Auto migrate VM when a node has network fails or down

megap

New Member
Oct 1, 2014
20
0
1
Good morning to all.

I just configured a two node cluster with HA but I have a problem.

I have a VM (100) running in node 1 (gestion1), if I restart or shutdown manually node 1, this VM is migrated to node 2 withouth any problem, it works from node 2 to node 1, too.
VM is configured in a LVM data storage with drbd configured.

RGManager is running in two nodes.

The problem I have is:

If I have a VM running on node 1 (or node 2) and I quit the LAN cable or quit the power from the node, VM is not migrated to the other node from the cluster.
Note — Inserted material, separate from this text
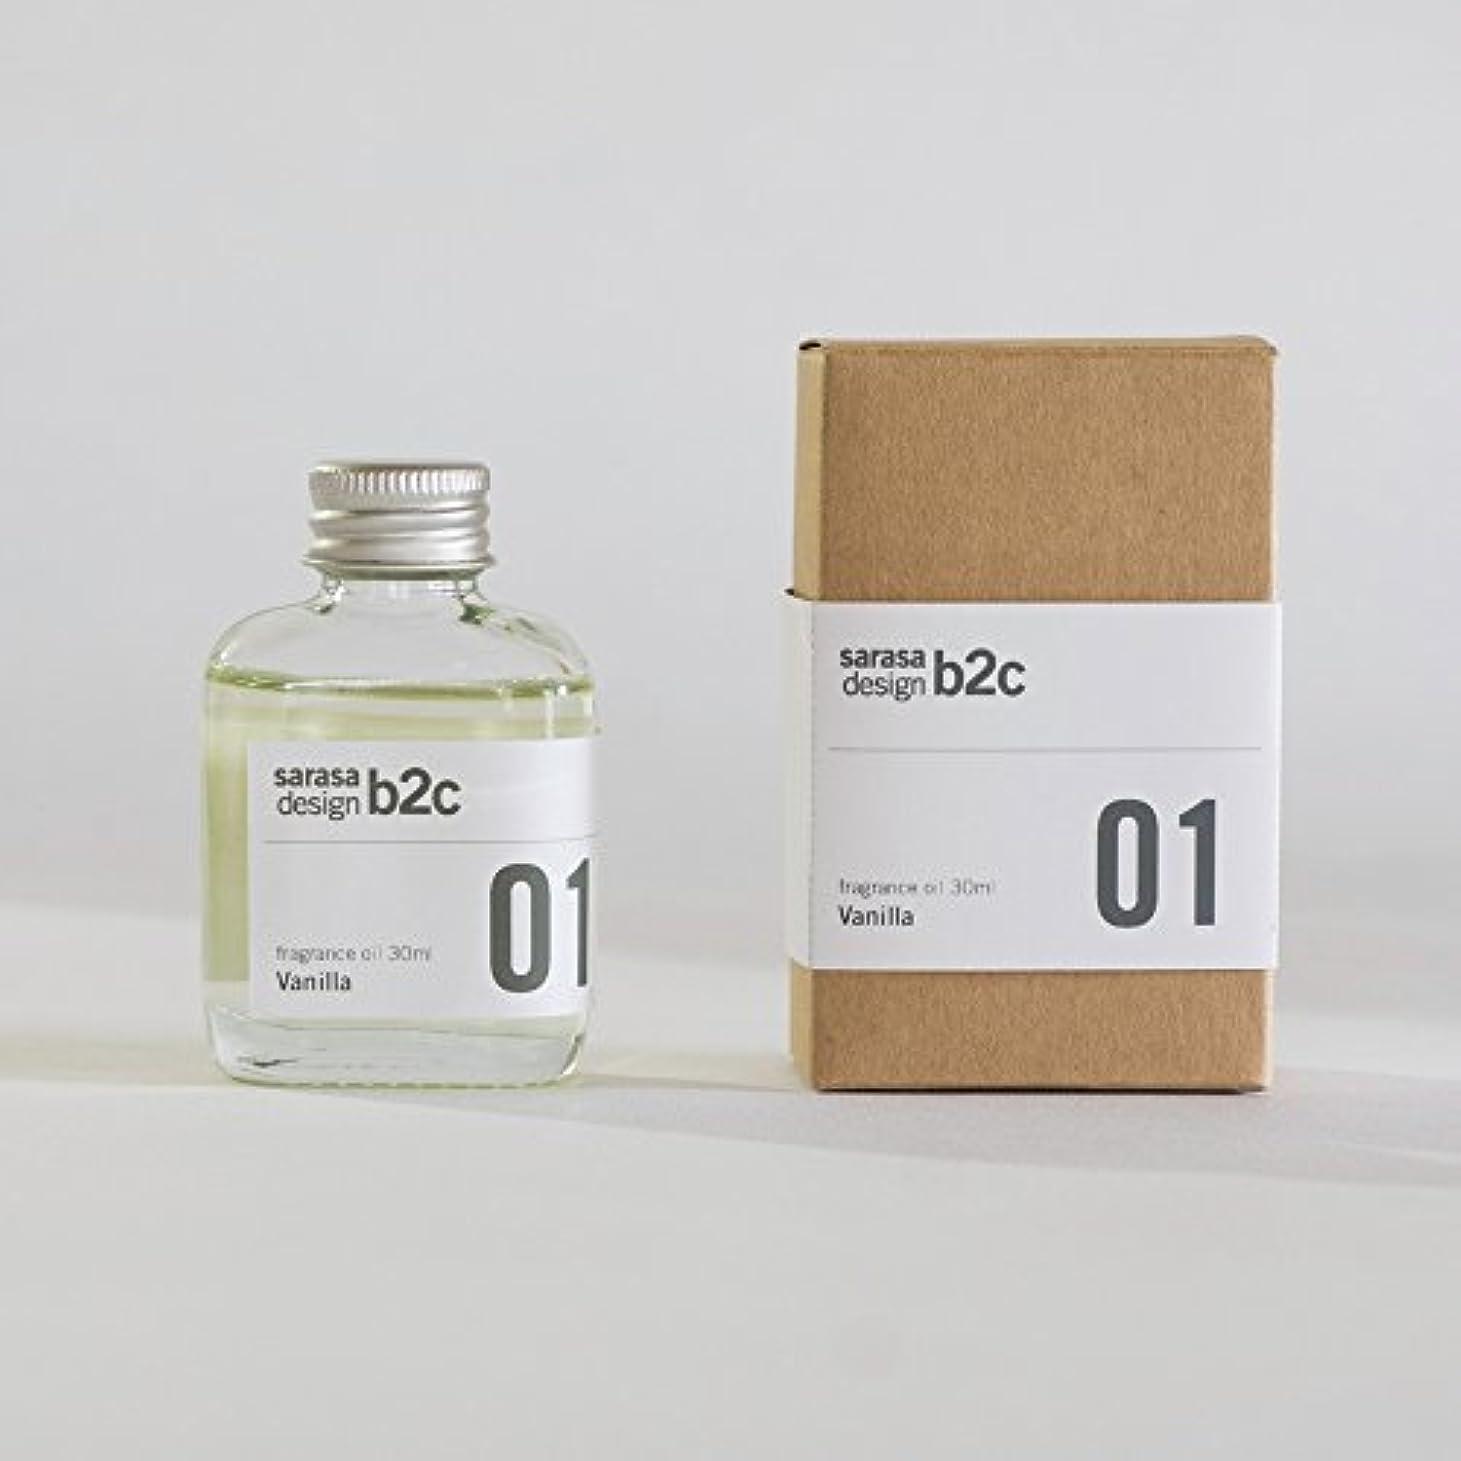 スピン活力大陸ar035sb/b2c エッセンシャルオイル30ml《スプリングブリーズ》| 芳香剤 ルームエッセンシャル リードディフューザー アロマ ディフューザー

The VM downs with the node.

My cluster.conf is:

Code:
<?xml version="1.0"?>
<cluster config_version="7" name="gestioncluster">
  <cman expected_votes="1" keyfile="/var/lib/pve-cluster/corosync.authkey" two_node="1"/>
  <fencedevices>
    <fencedevice agent="fence_ilo" ipaddr="192.168.130.34" login="ADMIN" name="fenceA" passwd="ADMI$
    <fencedevice agent="fence_ilo" ipaddr="192.168.130.44" login="ADMIN" name="fenceB" passwd="ADMI$
  </fencedevices>
  <clusternodes>
    <clusternode name="gestion1" nodeid="1" votes="1">
      <fence>
        <method name="1">
          <device action="reboot" name="fenceA"/>
        </method>
      </fence>
    </clusternode>
    <clusternode name="gestion2" nodeid="2" votes="1">
      <fence>
        <method name="1">
          <device action="reboot" name="fenceB"/>
        </method>
      </fence>
    </clusternode>
  </clusternodes>
  <rm>
    <pvevm autostart="1" vmid="100" recovery="relocate"/>
  </rm>
</cluster>

Proxmox version in two nodes:

Code:
pveversion -vproxmox-ve-2.6.32: 3.2-136 (running kernel: 2.6.32-32-pve)
pve-manager: 3.3-1 (running version: 3.3-1/a06c9f73)
pve-kernel-2.6.32-32-pve: 2.6.32-136
lvm2: 2.02.98-pve4
clvm: 2.02.98-pve4
corosync-pve: 1.4.7-1
openais-pve: 1.1.4-3
libqb0: 0.11.1-2
redhat-cluster-pve: 3.2.0-2
resource-agents-pve: 3.9.2-4
fence-agents-pve: 4.0.10-1
pve-cluster: 3.0-15
qemu-server: 3.1-34
pve-firmware: 1.1-3
libpve-common-perl: 3.0-19
libpve-access-control: 3.0-15
libpve-storage-perl: 3.0-23
pve-libspice-server1: 0.12.4-3
vncterm: 1.1-8
vzctl: 4.0-1pve6
vzprocps: 2.0.11-2
vzquota: 3.1-2
pve-qemu-kvm: 2.1-5
ksm-control-daemon: 1.1-1
glusterfs-client: 3.5.2-1

I hope you can help me with this problem, if you need more info I can paste it.
 
Hi again.

I disconnected node gestion1 from the network and I can see this error on node gestion2 in syslog tab:

Code:
[COLOR=#000000][FONT=tahoma]Oct  7 14:01:00 gestion2 fence_ilo: Parse error: Ignoring unknown option 'nodename=gestion1[/FONT][/COLOR]
[COLOR=#000000][FONT=tahoma]Oct  7 14:01:00 gestion2 fence_ilo: The command was not found or was not executable: /usr/bin/gnutls-cli.
[/FONT][/COLOR]

Someone have any idea, please? :confused:
 
Your fencing will never work (by design) if you cut network cable or switch power off.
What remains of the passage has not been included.